Sombreado por el alero escaso, don Rufino trenzaba sudoroso. Sus ojos agudos dejaron un momento el trabajo para enturbiarse sobre el campo, quemado de sol, ausente de pasto como un camino, que desconcertaba la mirada con la imprecisión de su reverberante amarilleo.
Tres meses de seca implacable habían carbonizado las más resistentes raíces, y sólo las osamentas puntuaban la desnudez del campo, irrefutables afirmaciones de ruina.
Don Rufino colgó el trenzao, fue hacia el pozo cercano, donde bebió, media cabeza sumida en el balde. Luego se encaminó hacia el dormitorio para escapar a la resolana y observar su virgencita milagrera, famosa en el partido.

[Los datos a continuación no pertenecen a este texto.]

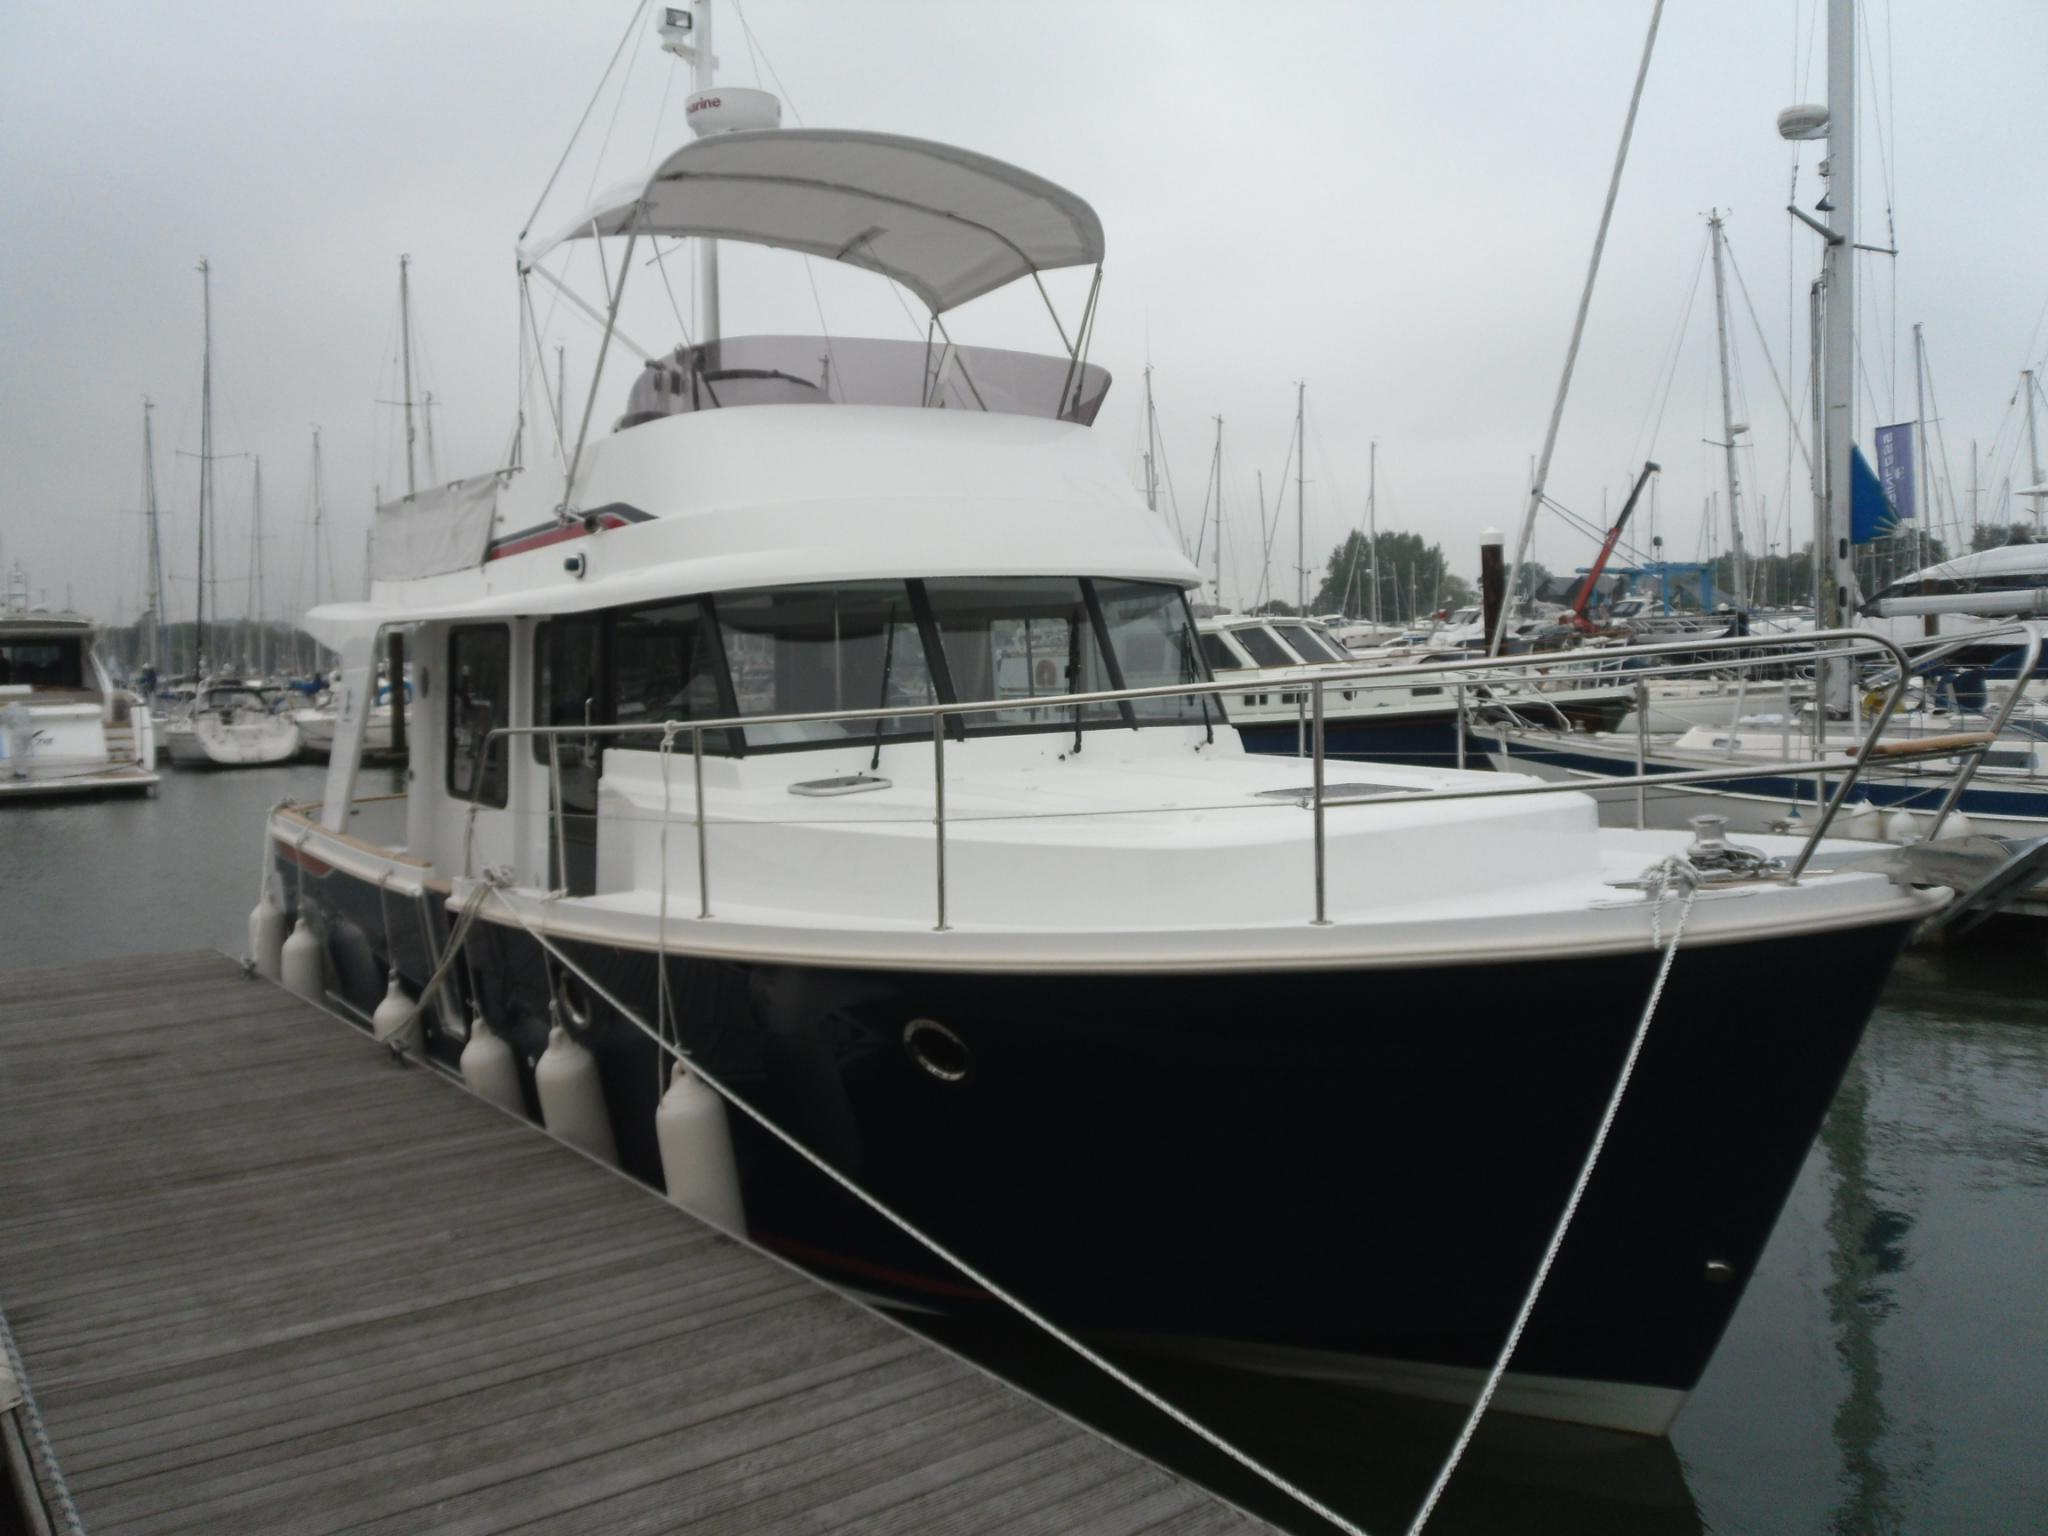 Beneteau Swift Trawler 34, Hampshire

Franqueada la puerta, se sintió dominarlo por aquella quietud mística.
El cuarto estaba obscuro, cerrado a toda influencia exterior, y le alumbraban un par de velas, puestas a cada lado de la virgen estática.
No se habría sabido decir si su actitud era de bendición o de ferviente rezo lo cierto es que las rígidas manitas inspiraban un plácido respeto, y hasta la frescura del cuarto, parecía sestear en su sombra, hubiérase dicho obra de ella.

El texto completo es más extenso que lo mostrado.